After accidental data deletion, Pennsylvania CIO approves emergency hire of IT consultant
Pennsylvania Gov. Josh Shapiro’s Office of Administration, which oversees information technology services for state agencies and manages the data housed on state government servers, recently hired an IT consultant firm following an incident earlier this month in which thousands of records stored on the state’s servers were deleted.
State Chief Information Officer Amaya Capellan approved an emergency procurement on Jan. 19, citing a “threat to public health, welfare, or safety,” as the reason to hire Layer Aleph, a Seattle company specializing in crisis engineering, for a 30-day contract totaling $530,000, as first reported by Penn Live.

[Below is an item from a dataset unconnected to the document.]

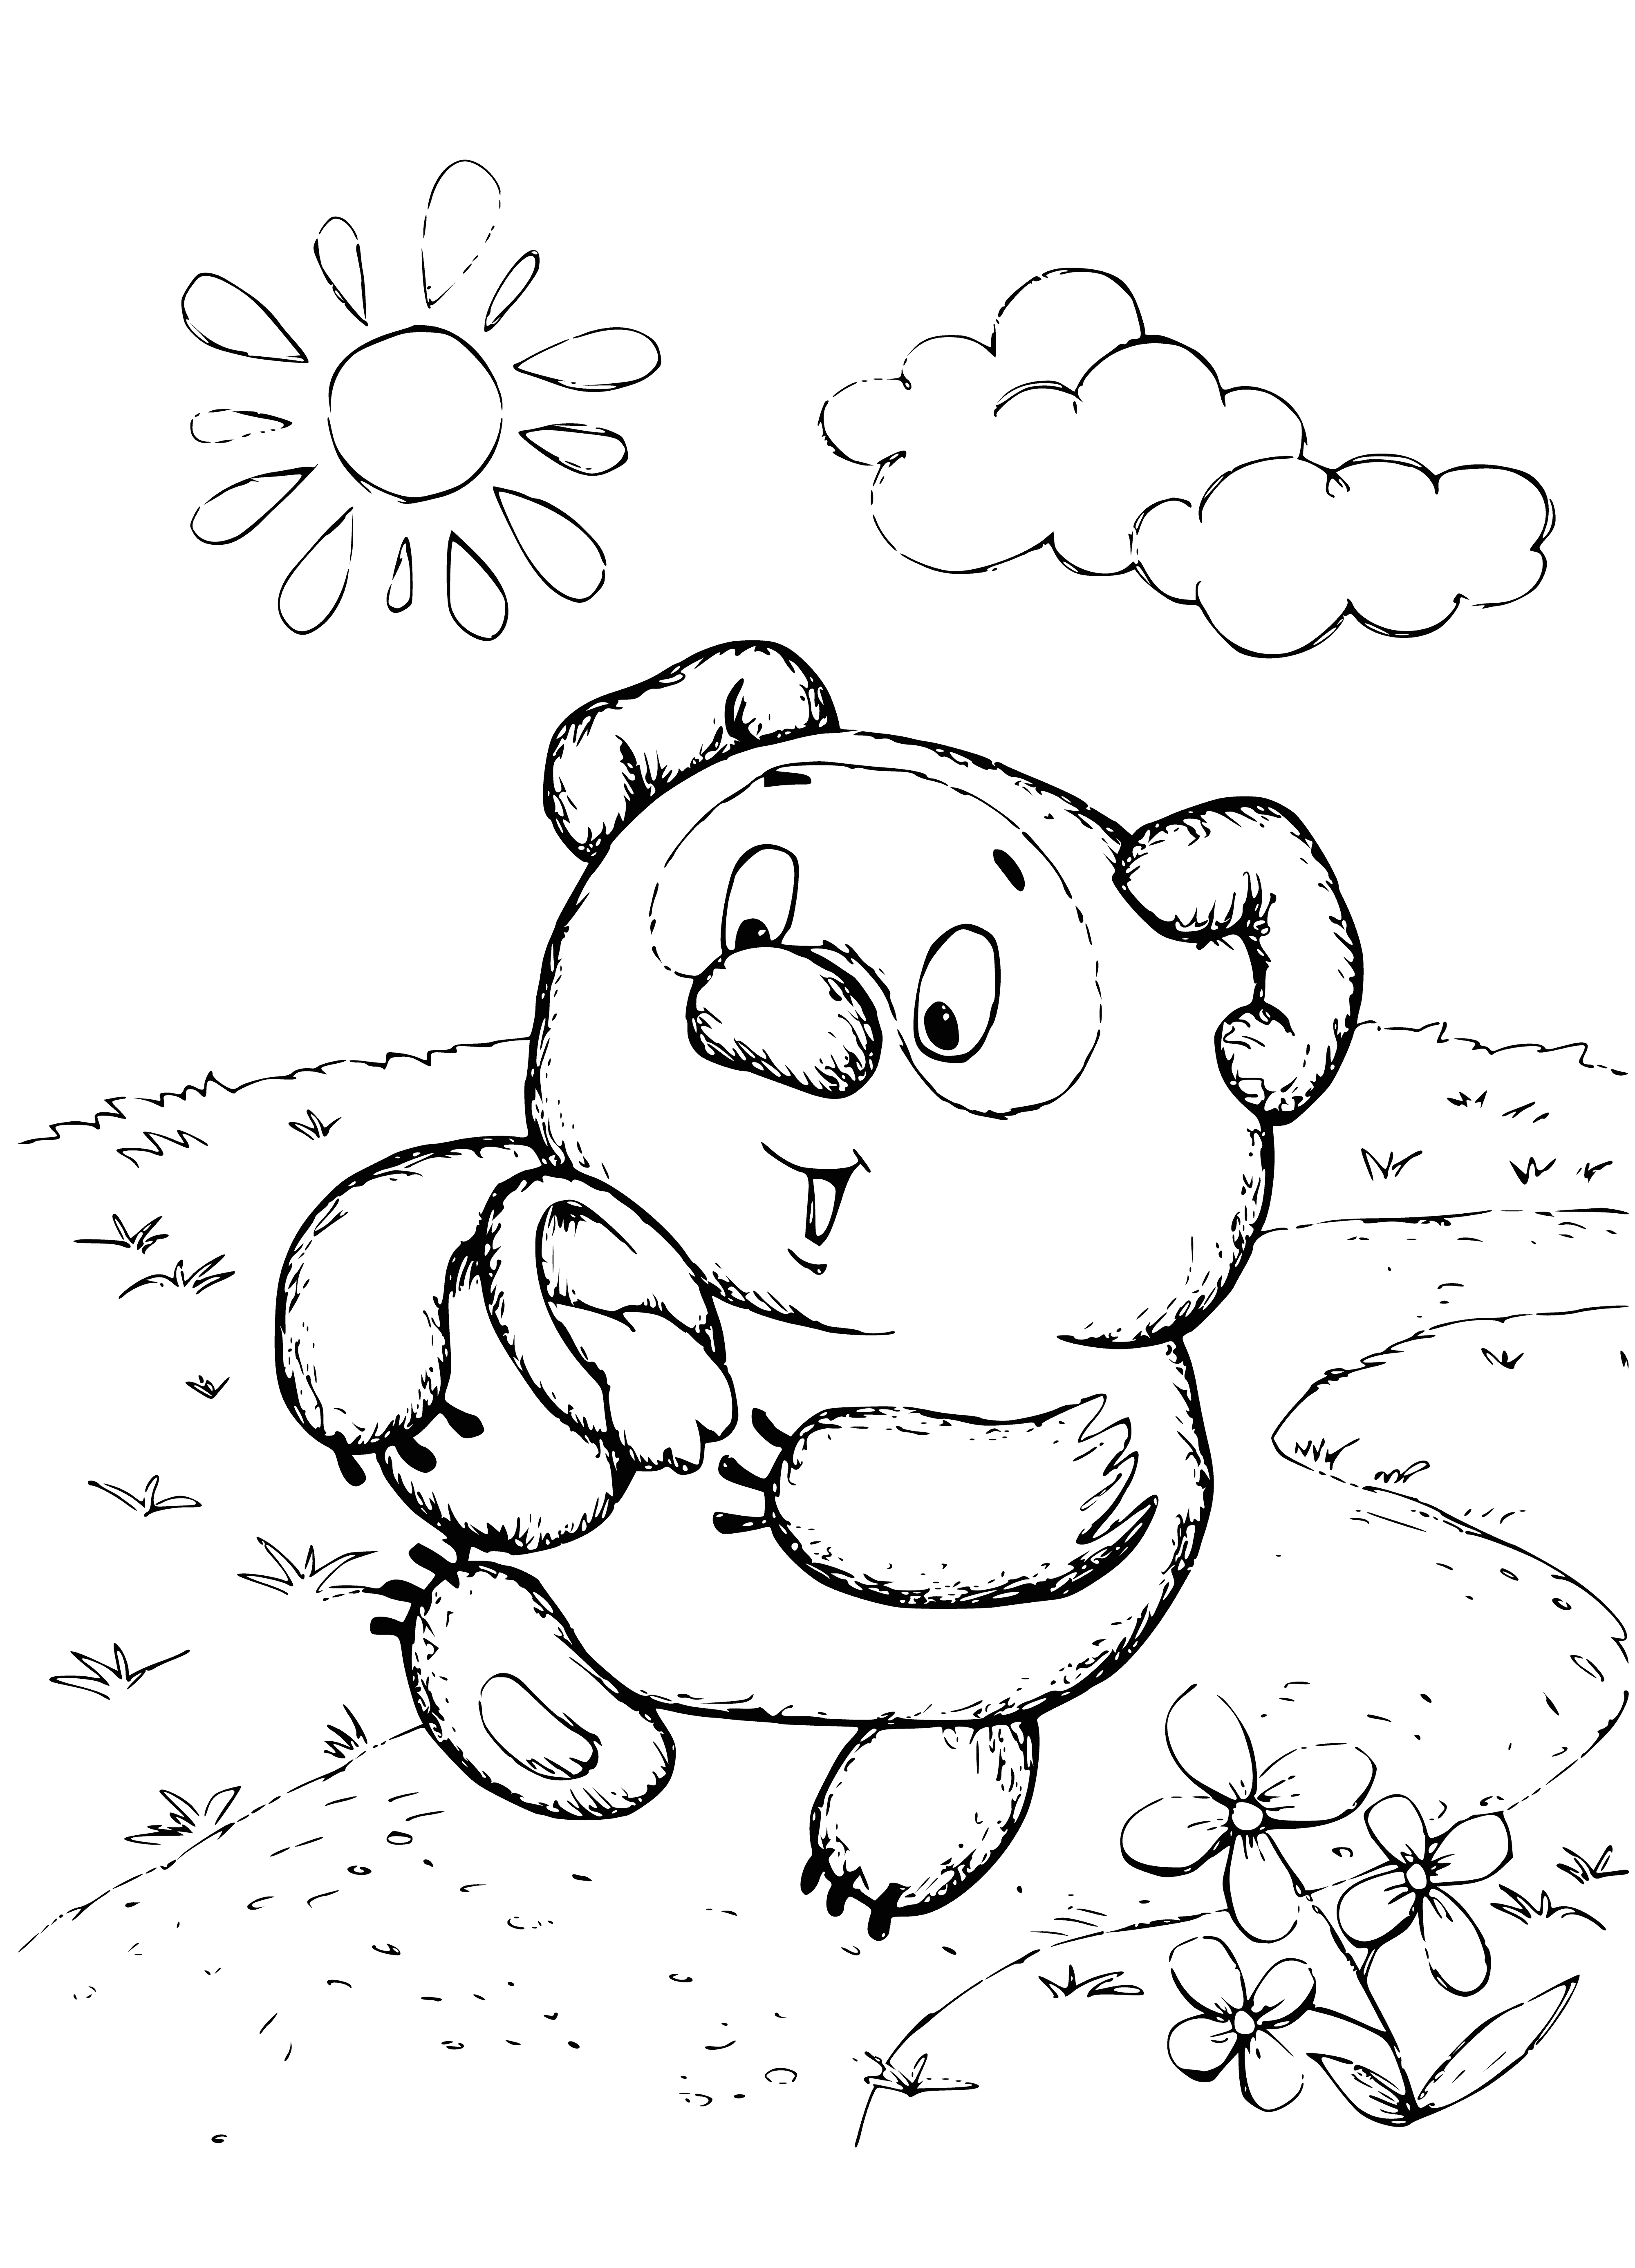 coloring page: Creature happily eats honey from large pot in coloring page - spoon in hand! #yum

“Without the immediate restructuring of core technical systems and organizational functions, many Agency and Enterprise services could be at risk resulting in impacts to agencies and citizens,” the procurement form states.
Layer Aleph claims to have “wide-ranging experience in system rescue and service restoration,” and experience working with both the private and public sector to fix “systems that ended up in the news,” according to the company’s website.
On Jan. 3, an employee in the Office of Administration was performing routine server maintenance and accidentally deleted data from two applications used by the Pennsylvania State Police to manage and log evidence submissions, and by the State Employee Retirement System for the Keystone User Login, an account management system.
The Office of Administration and the Pennsylvania State Police restored access to nearly all of the deleted data, which was limited to the Bureau of Forensics and includes evidence logs from the department’s crime labs. However, the Pennsylvania PBS radio affiliate WHYY reported that some state records are still lost and may not be recoverable.
Officials have not disclosed which systems Layer Aleph will prioritize. Neither the Pennsylvania Office of Administration nor Capellan responded to requests for comment.
But the emergency procurement form stressed the urgency of the situation, stating, “Timing is a factor because critical Agency and Enterprise services could be at risk if issue is not resolved immediately. The Commonwealth systems and data could be at risk for application outages and data loss, immediate resolution is needed.”